Real-time face swapping for live video and streaming
DeepFaceLive is an open-source, real-time face-swapping app for live video and streaming that runs locally on Windows and leverages user GPUs. It’s aimed at content creators, streamers, and VFX hobbyists who need low-latency face replacement and mask-based blending, and it’s free to use from the GitHub repository (no commercial hosted tiers), though GPU and setup complexity raise the bar for non-technical users.
DeepFaceLive is a real-time, local face-swapping tool that applies live facial replacements, tracking, and blending to webcam or video sources. It performs dense face alignment, mask-based blending, and target-to-source replacement for streaming, virtual production, and privacy use-cases. The key differentiator is its live, low-latency pipeline that runs on consumer NVIDIA GPUs and integrates with OBS via virtual camera or NDIs for real-time streaming. Built and distributed on GitHub, DeepFaceLive is free to download and run, but requires capable GPU hardware and some setup knowledge for best results in the AI Avatars & Video category.
DeepFaceLive is an open-source, real-time face-swapping application originally released and maintained via a public GitHub repository by the community around the iperov project. Launched in 2019–2020 timeframe (project activity and forks accelerated around 2020), DeepFaceLive positioned itself as a desktop tool for live swapping and facial reenactment that emphasizes local processing rather than cloud services. Its core value proposition is to provide low-latency face replacement suitable for livestreams, virtual cameras, and experimental VFX without sending video to external servers. The project attracts developers, hobbyists, and streamers who need a privacy-respecting, modifiable tool for swapping faces and testing models in real time.
DeepFaceLive’s feature set centers on live inference and flexible input/output. It supports multiple face models (SRCNN/DFD-like training outputs and user-trained faces exported from popular face-swap training tools), real-time face tracking with face landmarks and alignment, and mask-based blending controls to limit swaps to specific facial regions. The app exposes configurable parameters for color correction, histogram matching, and seamless clone blending to reduce artifacts. For live workflows, DeepFaceLive offers virtual camera output and NDI support so the swapped feed can be consumed by OBS, XSplit, or any NDI-compatible software. The tool also supports batching frames for offline renders, switching between multiple source/target pairs, and running on both RTX and older CUDA-capable NVIDIA cards with adjustable resolution and FPS caps.

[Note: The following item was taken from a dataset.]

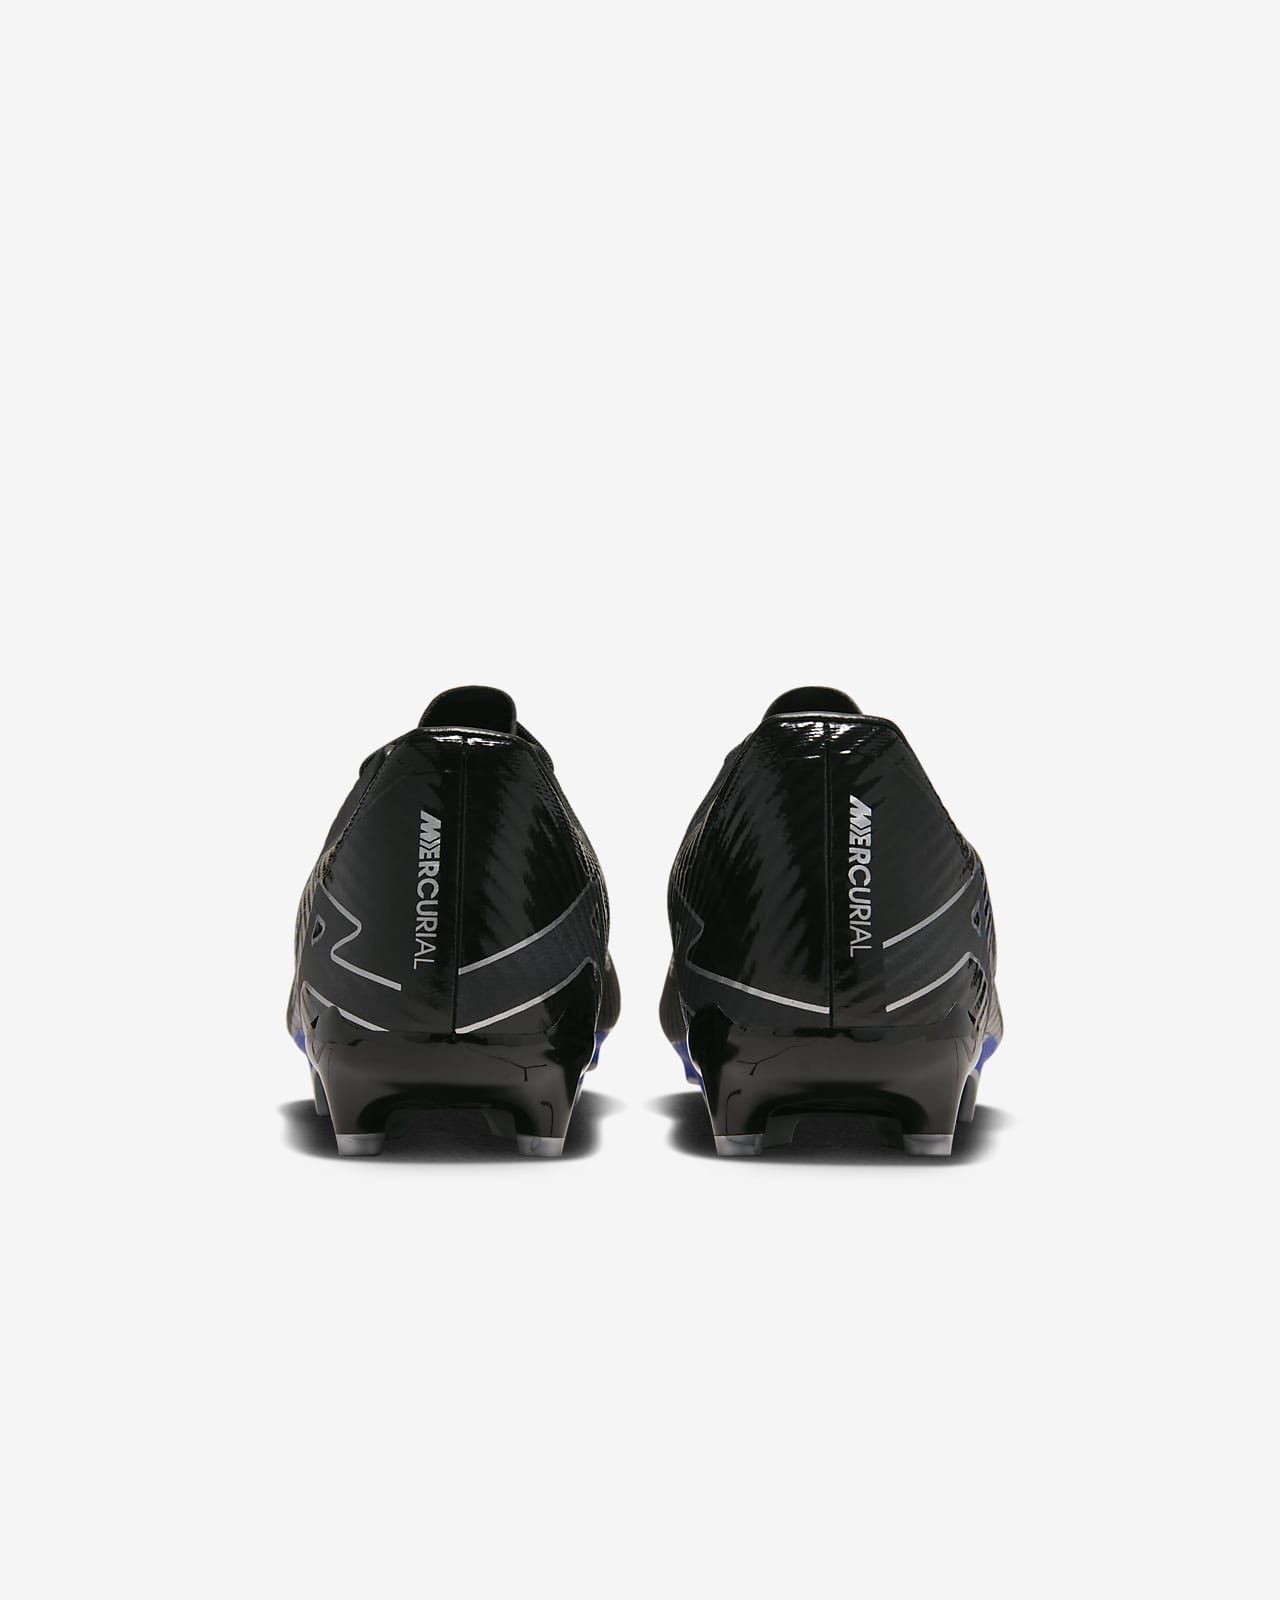 Chaussure de foot basse à crampons multi-surfaces Nike Mercurial Vapor 15  Academy

Pricing for DeepFaceLive is straightforward because the software is distributed free on GitHub under community licensing: there is no paid hosted tier or subscription sold by the project maintainers. The repository and releases are free to download; users must provide their own GPU-equipped Windows machine (or compatible Linux builds via community forks) and, in many workflows, export trained face models from separate training tools which may have their own costs. Third-party GUIs, model packs, or training services can be paid, but core DeepFaceLive functionality has no official commercial pricing. Costs you’ll incur are hardware (NVIDIA GPU recommended), optional paid training compute/time, and any premium plugins or commercial overlays integrated into your streaming stack.
Real-world users include livestreamers replacing faces on camera, VFX artists testing composite results live, and privacy-focused presenters masking identity in broadcasts. For example, a Twitch streamer uses DeepFaceLive with OBS to produce a face-swapped persona at 30–60 FPS for audience engagement, while a VFX editor uses it to preview substitutions on reference footage before full offline renders. Two concrete job-title/use-case combos: a streamer (Twitch/YouTube) using it to increase engagement with a live face character, and a VFX compositor using it to preview face replacements on set. Compared with commercial, cloud-hosted avatar services, DeepFaceLive’s local, GitHub-distributed approach prioritizes privacy and modifiability over one-click cloud convenience.
Three capabilities that set DeepFaceLive apart from its nearest competitors.
Current tiers and what you get at each price point. Verified against the vendor's pricing page.
| Plan | Price | What you get | Best for |
|---|---|---|---|
| Free | Free | Full codebase free; requires local GPU, manual setup and model training | Developers and hobbyists with GPUs |
| Community Builds | Free | Prebuilt binaries and community plugins; support via Discord/GitHub | Streamers wanting quicker setup but DIY-minded |
| Third‑party paid services | Varies | Paid model packs/training or hosted inference sold by others | Users wanting turnkey models without local training |
Choose DeepFaceLive over Avatarify if you need local GPU-driven NDI/virtual-camera output and detailed blending controls.